**Dataset content**
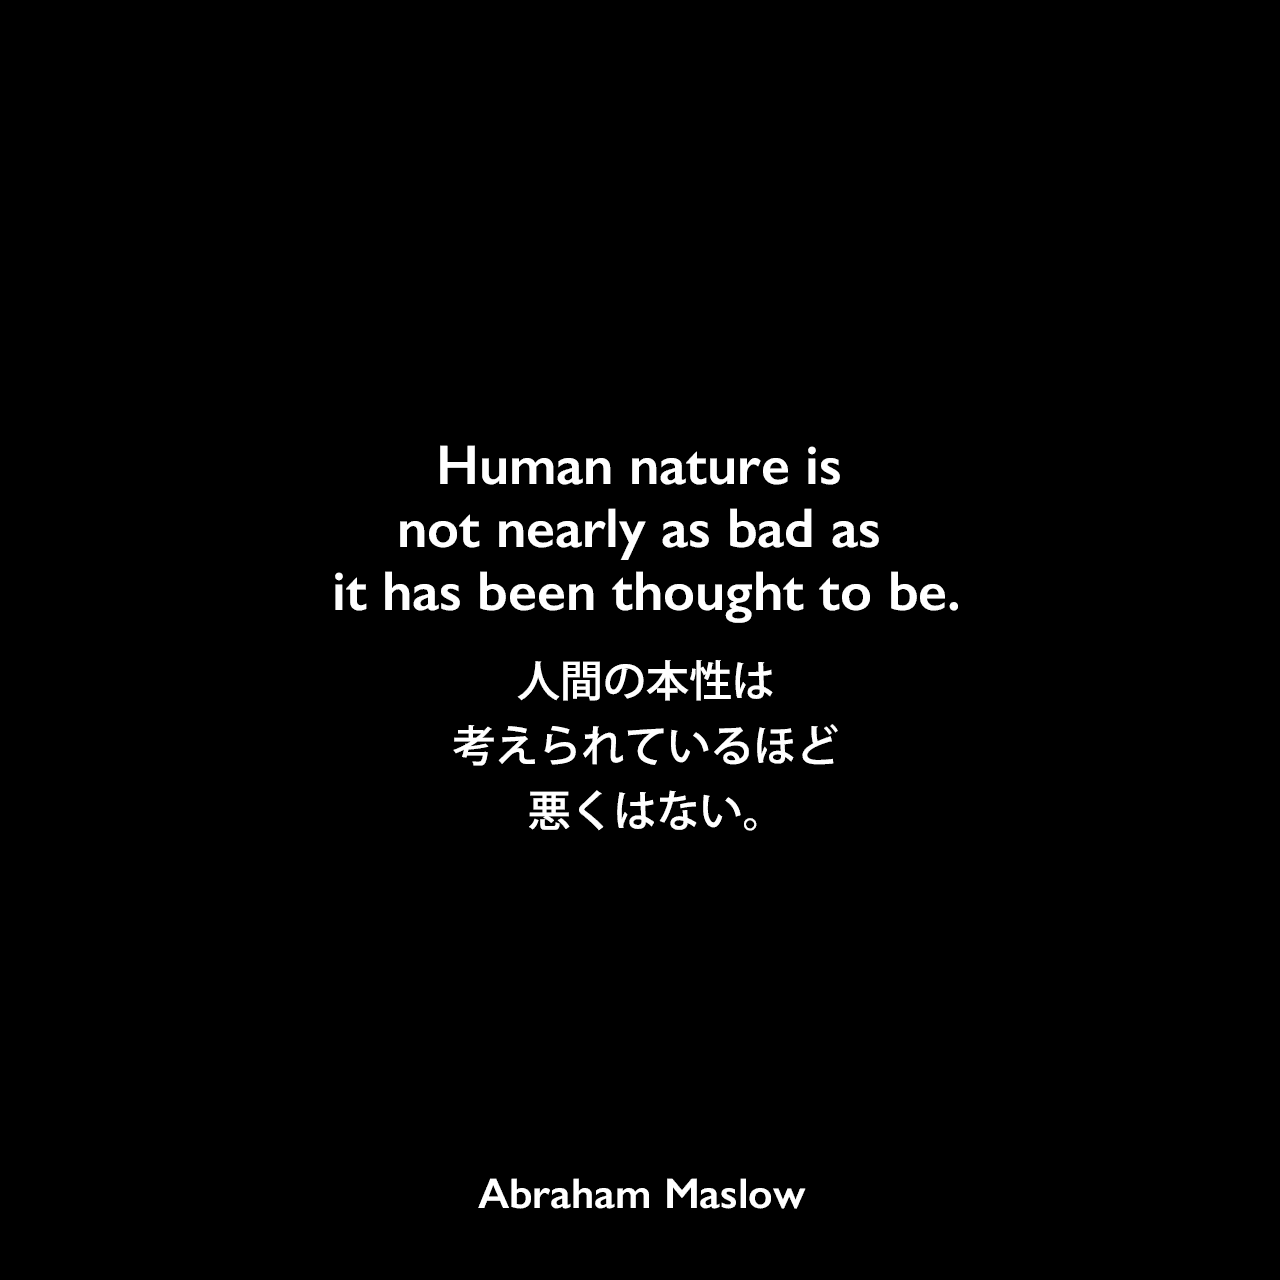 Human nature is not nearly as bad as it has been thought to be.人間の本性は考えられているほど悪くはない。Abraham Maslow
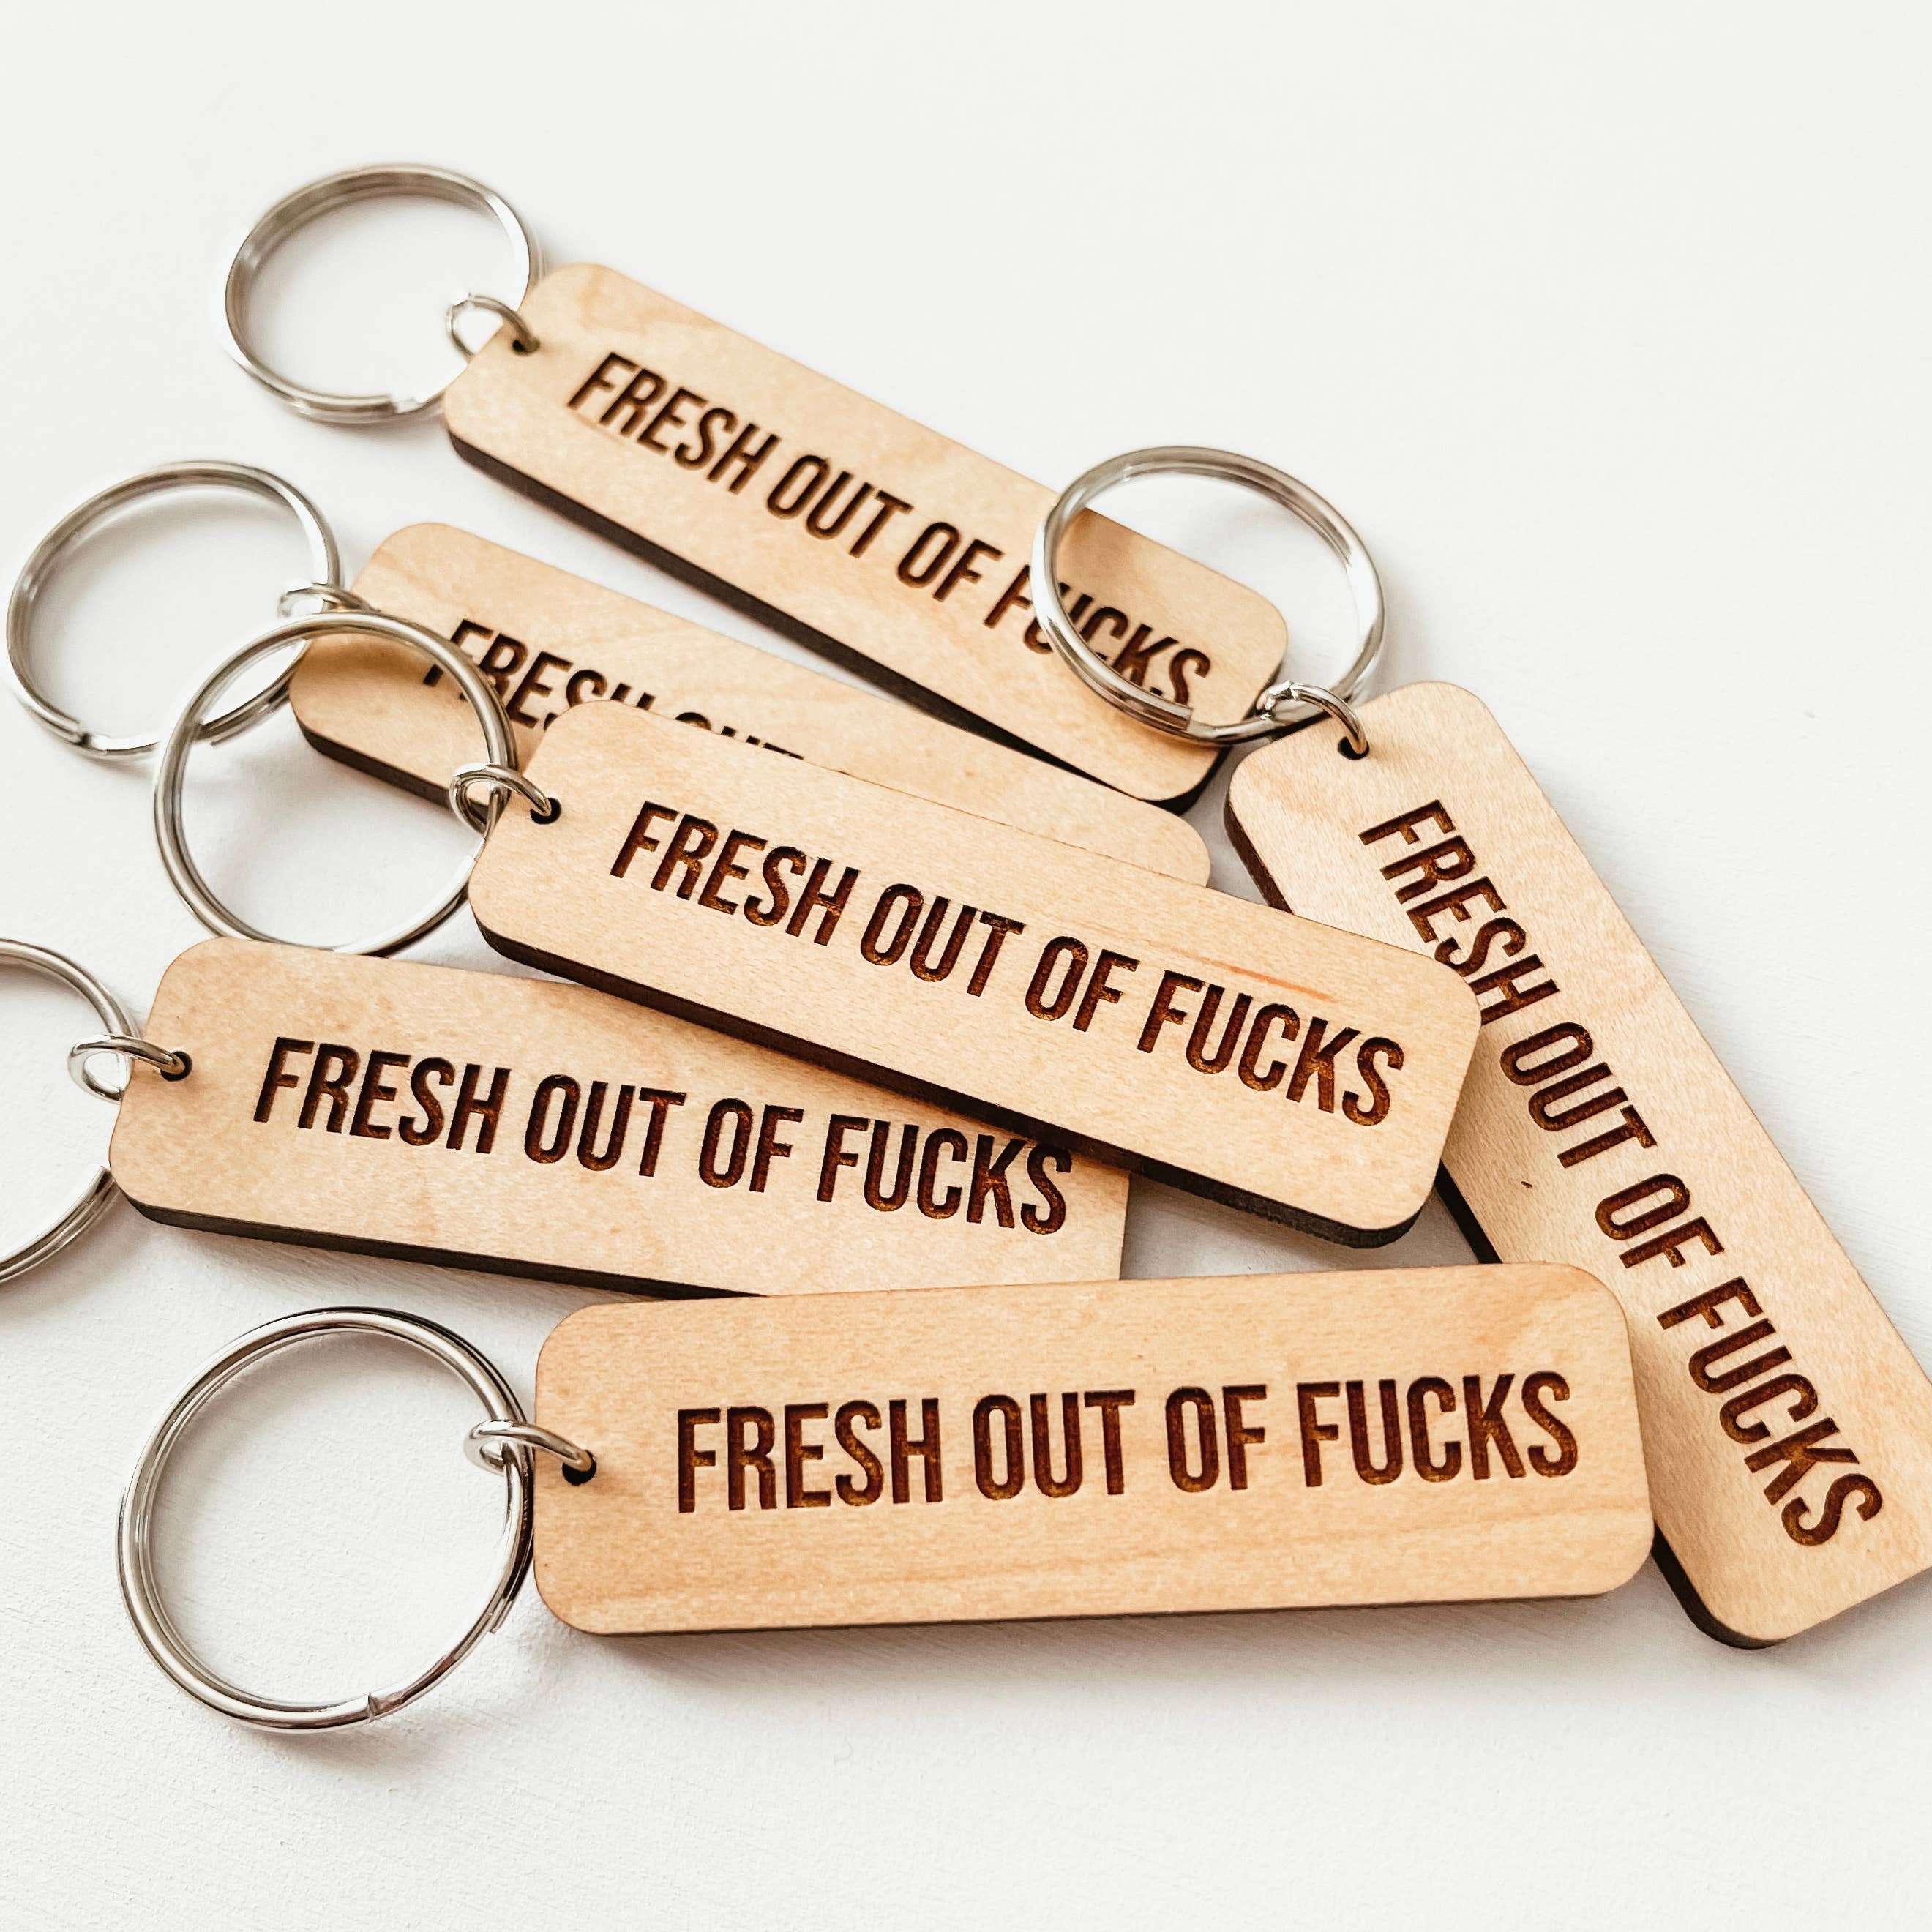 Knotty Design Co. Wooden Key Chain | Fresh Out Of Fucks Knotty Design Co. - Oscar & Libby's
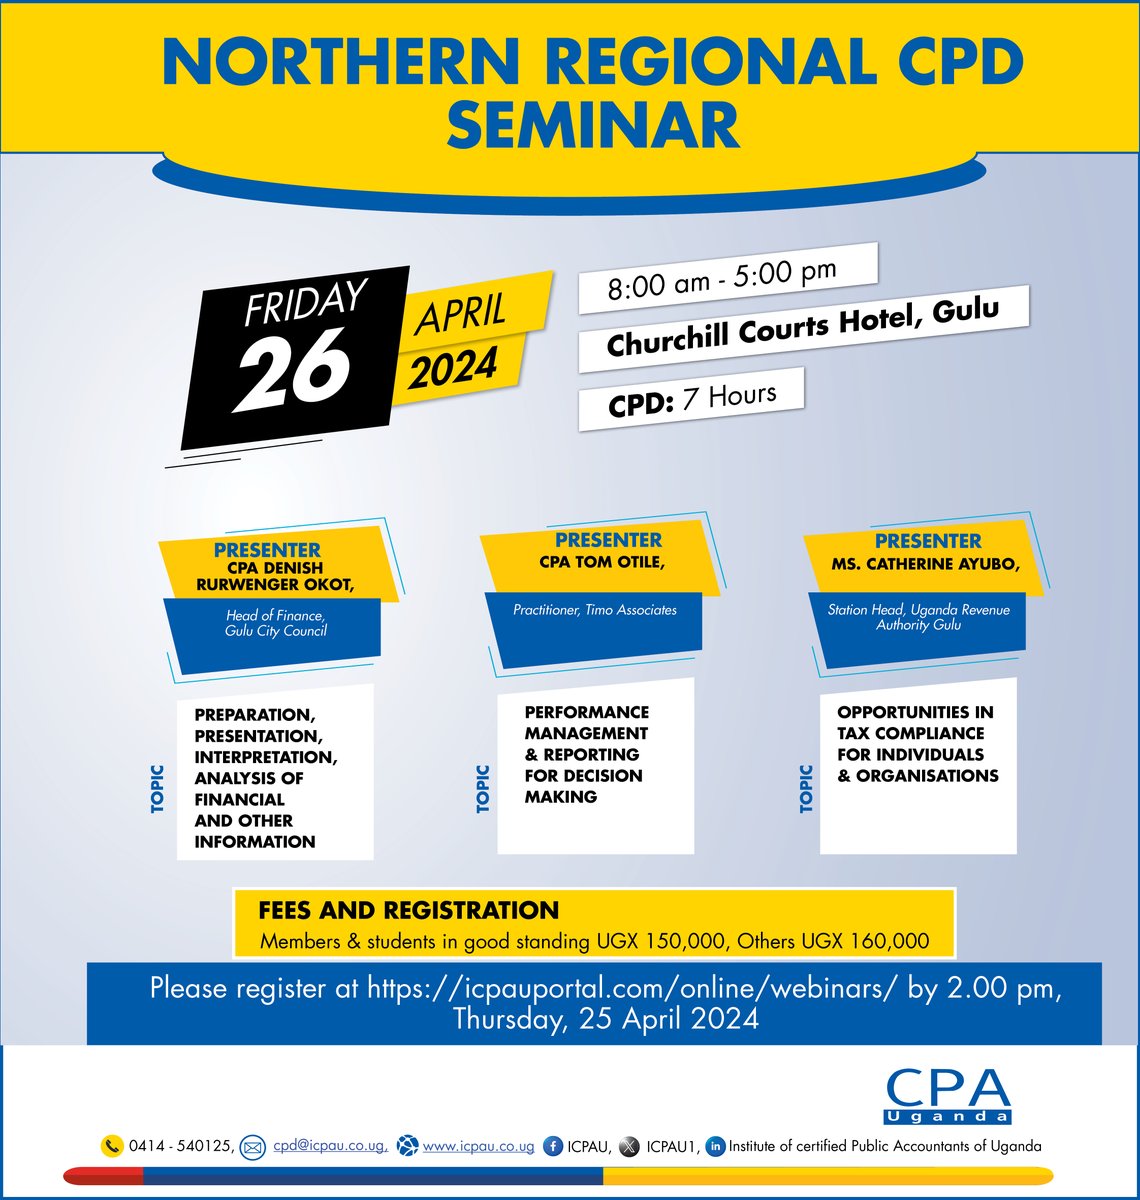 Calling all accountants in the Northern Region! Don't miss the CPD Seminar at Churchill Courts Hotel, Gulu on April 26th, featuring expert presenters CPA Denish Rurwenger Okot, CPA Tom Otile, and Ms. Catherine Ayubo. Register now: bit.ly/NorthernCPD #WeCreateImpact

**Your assignment**
After locating the line that holds "Knotty Design Co. Wooden", output exactly the lines from it through the last line of the material above, inclusive, without pictures.

**Answer below**
 Knotty Design Co. Wooden Key Chain | Fresh Out Of Fucks Knotty Design Co. - Oscar & Libby's
 Calling all accountants in the Northern Region! Don't miss the CPD Seminar at Churchill Courts Hotel, Gulu on April 26th, featuring expert presenters CPA Denish Rurwenger Okot, CPA Tom Otile, and Ms. Catherine Ayubo. Register now: bit.ly/NorthernCPD #WeCreateImpact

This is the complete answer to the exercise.